И тут Федор Иванович понял, наконец, нечто новое, что он
увидел в ее черных свежих волосах. Платиновая веточка ландыша
была без бриллиантов.
-- Ну, и что? -- сказала Антонина Прокофьевна, перехватив
его взгляд. -- Ну, и разменяла. Ну, и что ж, пусть последние
камушки. Кому они нужны? А ветка пусть поживет... -- и сильно
затянулась сигаретой, махнула вялой рукой на дым. -- Вроде до
смерти еще далековато. Куда повезешь своих? В Москву? Ты их
обоих привози сначала ко мне. Хочу на счастье хоть раз
посмотреть. Смотрела я на разных людей, которые казались
счастливыми... Еще ни разу не видела настоящего. Видеть
настоящее счастье -- разве это не жизнь?
Тому, кто помнил академика Рядно по его популярным
выступлениям с университетских кафедр и клубных трибун,
вызывавшим в сороковых годах гром оваций, кто помнил этого
яркого оратора, умеющего подкрепить нестандартное слово
удивляющим публику фокусом вроде платка с землей, Кассиан
Дамианович начала шестидесятых годов казался совсем другим
человеком. И не в том дело, что он сильно постарел и побелел.
Он теперь не рвался в залы к народной и студенческой аудитории.
Там теперь было опасно, люди научились задавать трудные
вопросы. Даже на заседаниях академии он старался не выступать,
хранил молчание. Сидел обычно в первом ряду, и около него
справа и слева были пустые кресла: другие академики, помня
прошлое, не садились около этого человека.
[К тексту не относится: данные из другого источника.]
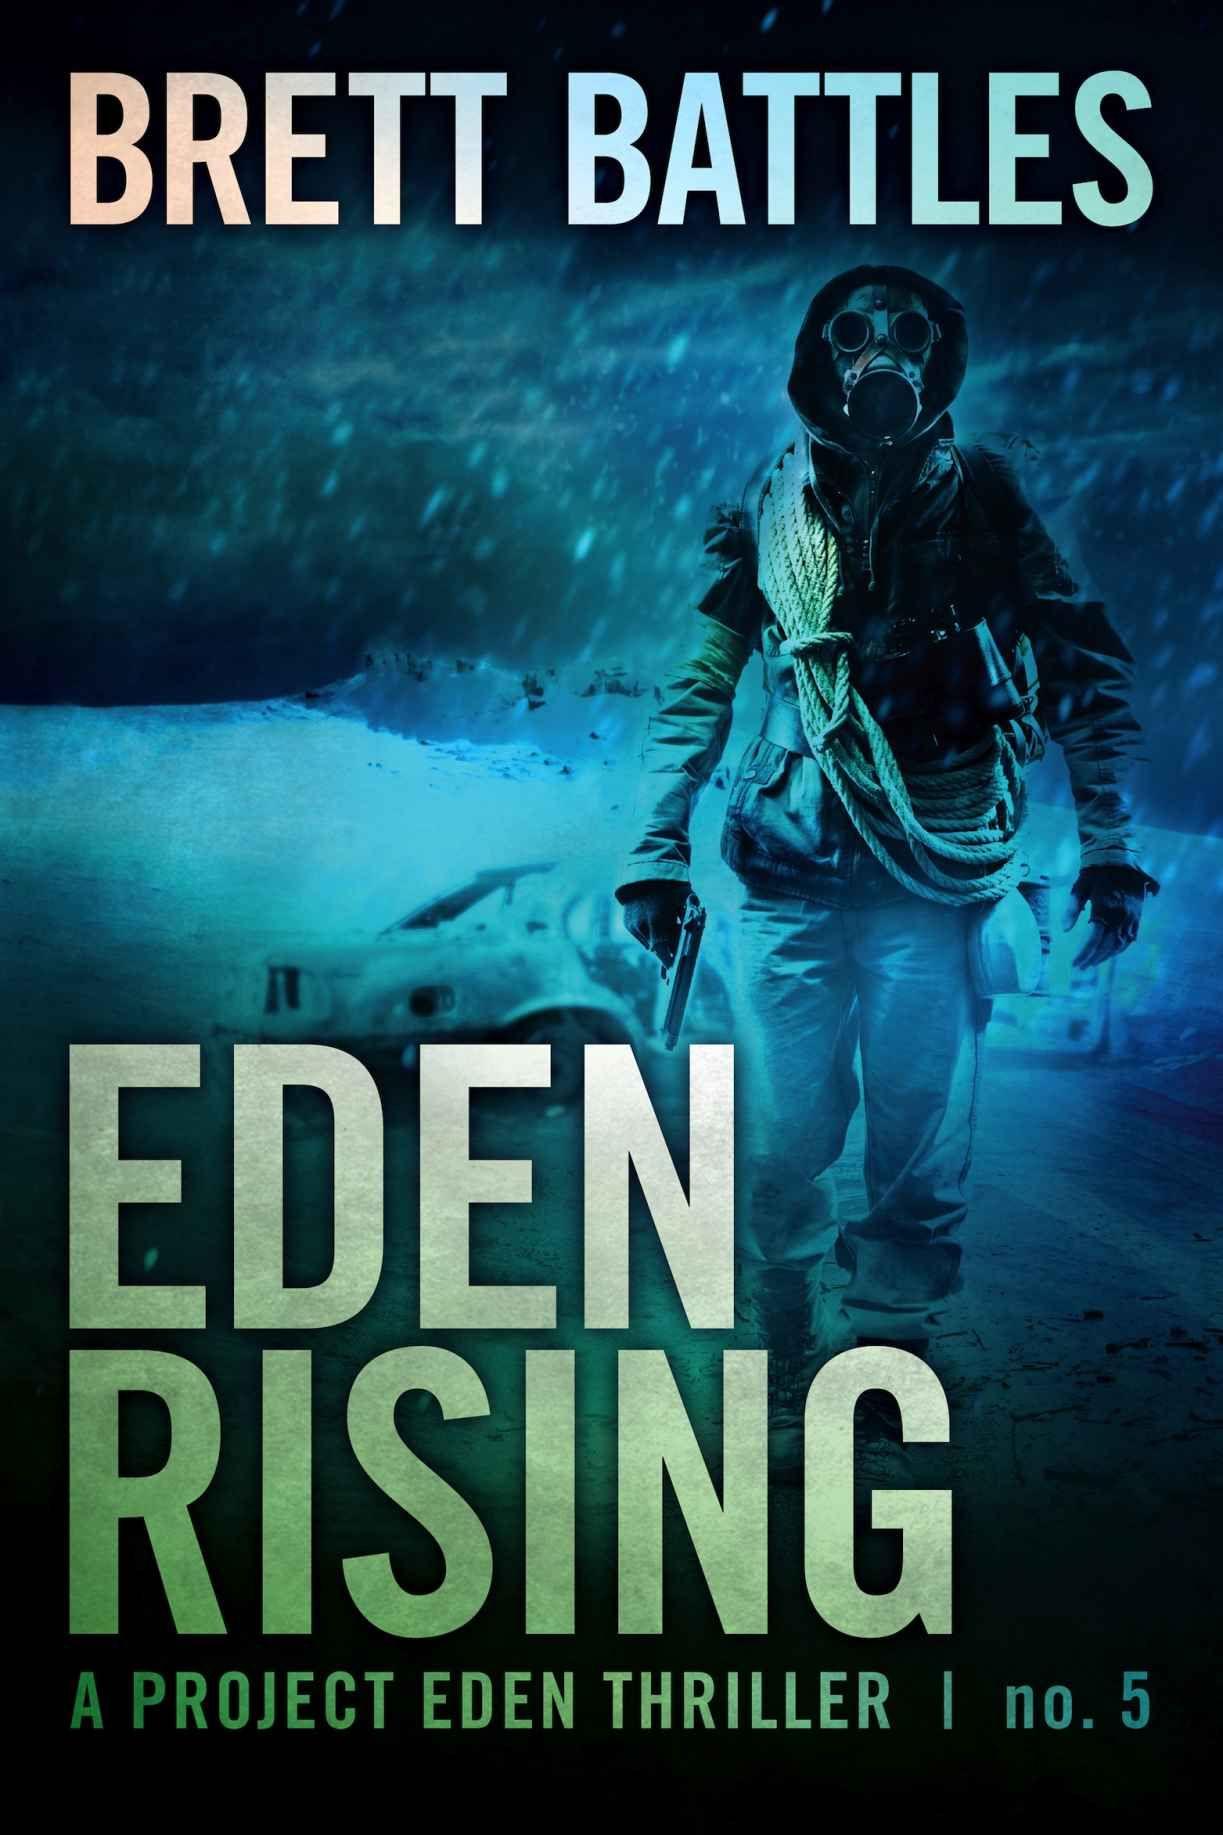 Amazon.com: Eden Rising (A Project Eden Thriller Book 5) eBook: Brett Battles…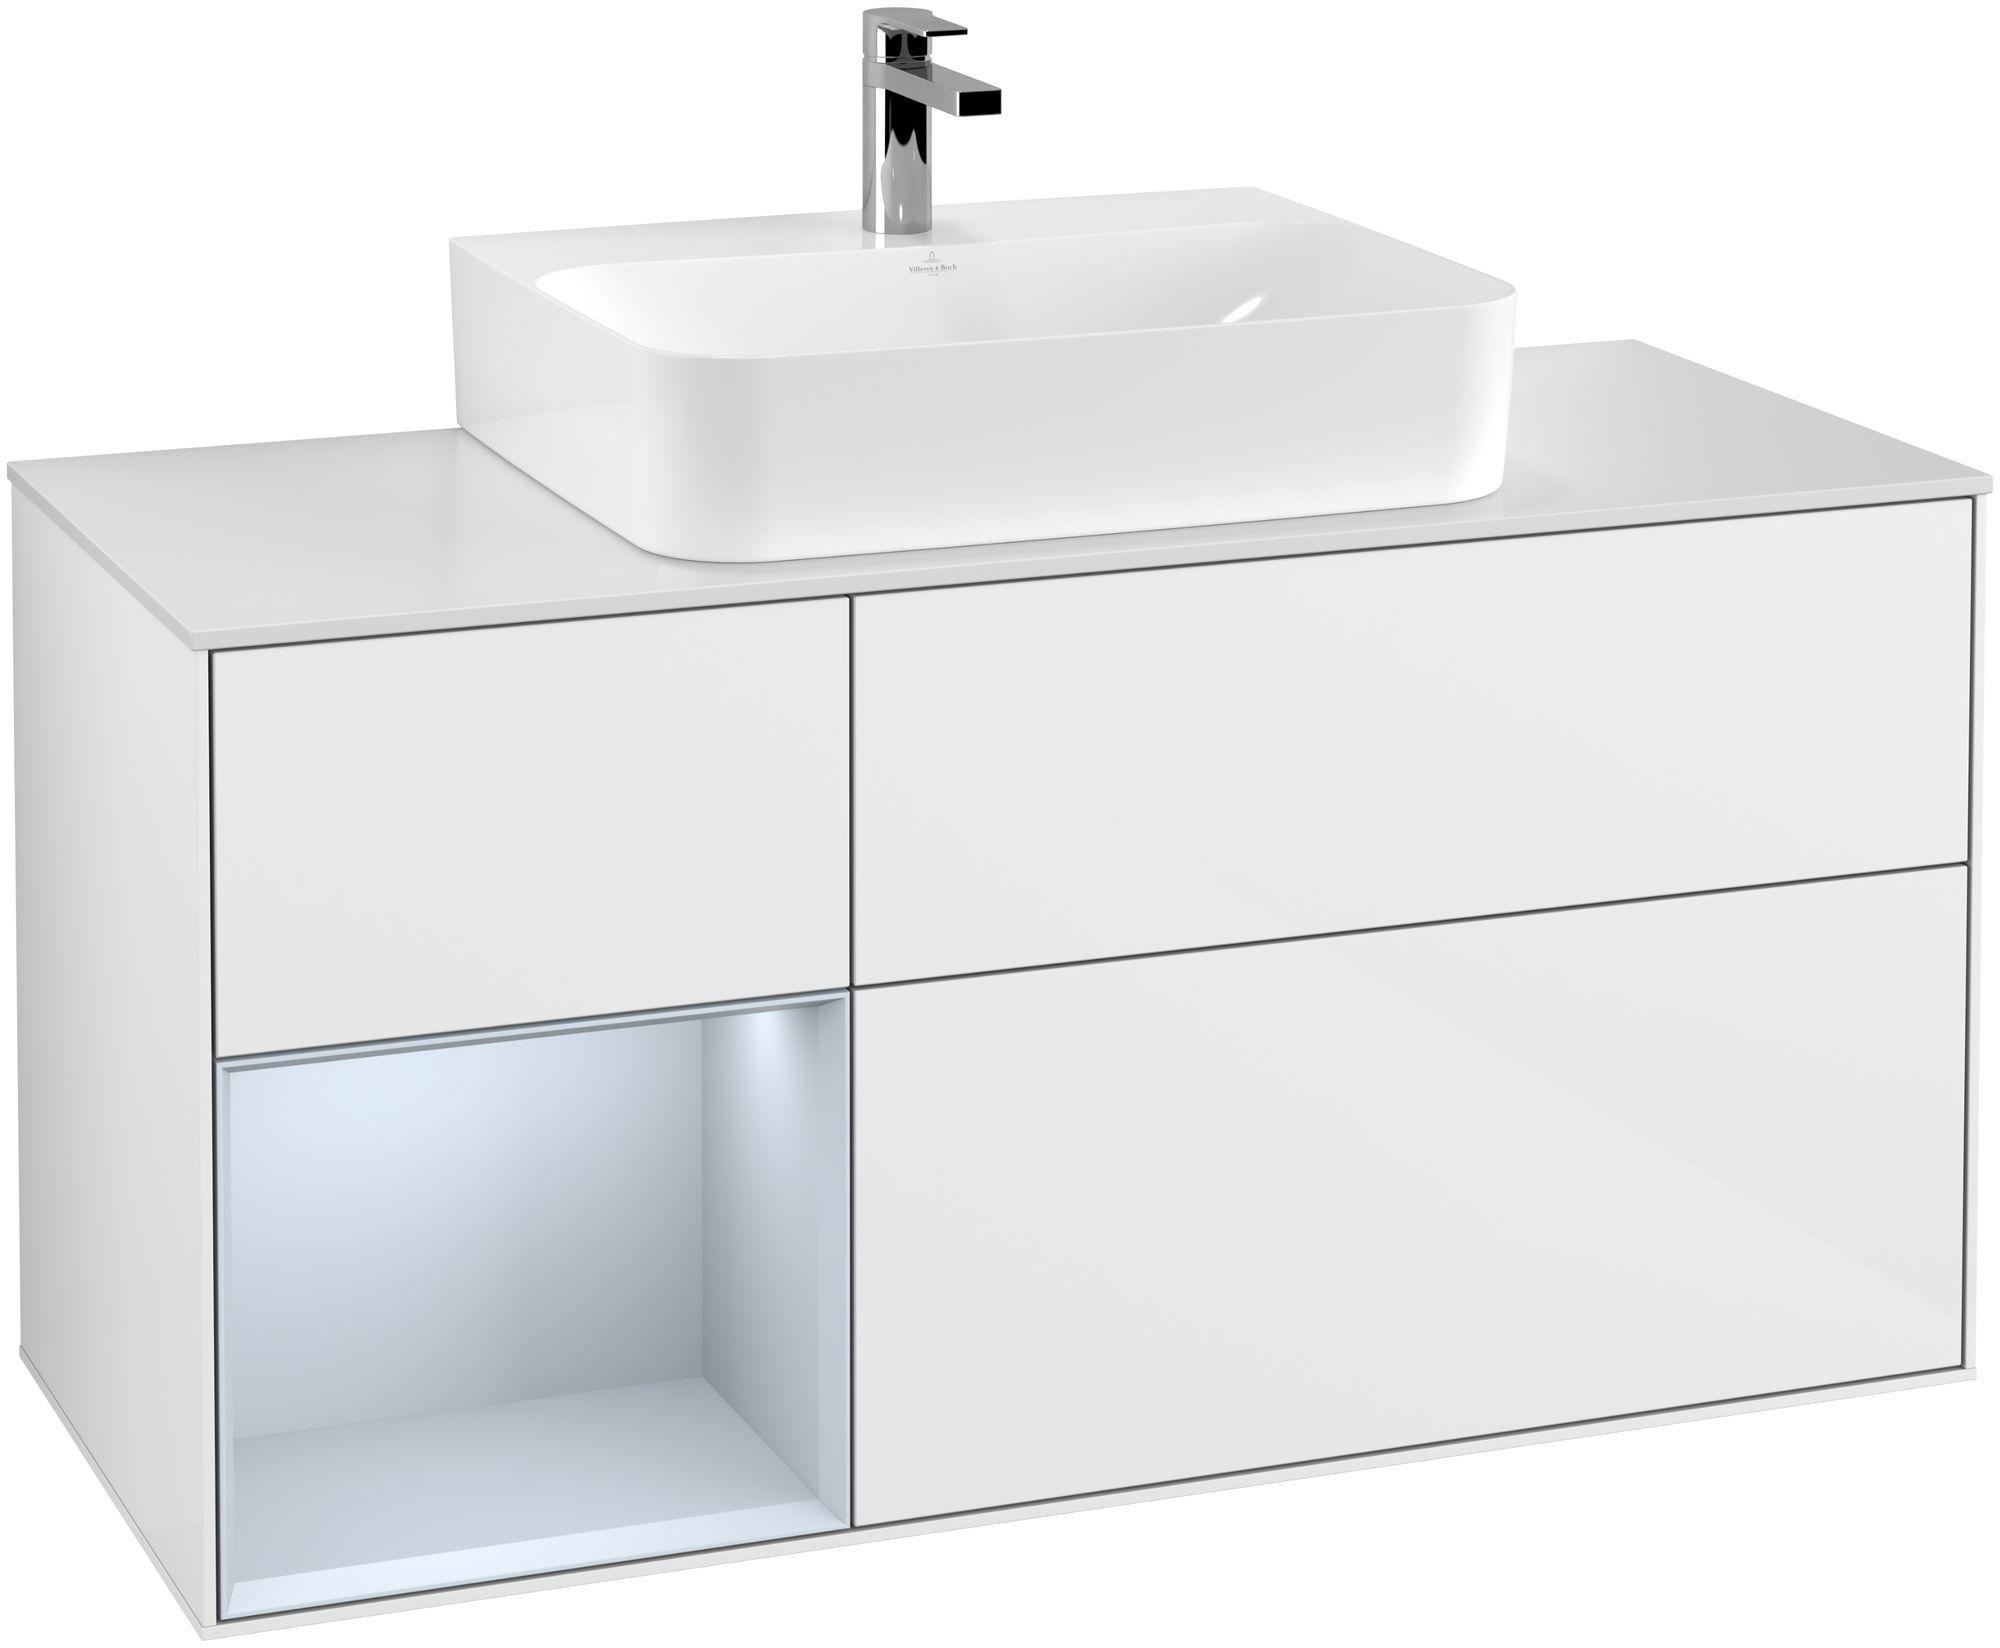 Villeroy & Boch Finion F16 Waschtischunterschrank mit Regalelement 3 Auszüge Waschtisch mittig LED-Beleuchtung B:120xH:60,3xT:50,1cm Front, Korpus: Glossy White Lack, Regal: Cloud, Glasplatte: White Matt F161HAGF

Обедал он обычно в академической столовой, сидел один за
столом, предназначенным для четверых. Никто не хотел составлять
ему компанию.
Большую часть своего дневного времени академик, надев
чистый серый халат, проводил теперь в своем кабинете среди
высушенных растительных диковин, которые, как и раньше,
привлекали его своей запечатанной для взора тайной. Но теперь
он уже не торопился поразить людей открытием. Помешивая
ложечкой в стакане с чаем, где таяла большая таблетка, он
размышлял над загадками природы и иногда проводил рукой по лицу
и мотал сухой побелевшей головой, не находя ответов. И
сотрудники его не знали, чем заняться. Штат постепенно редел.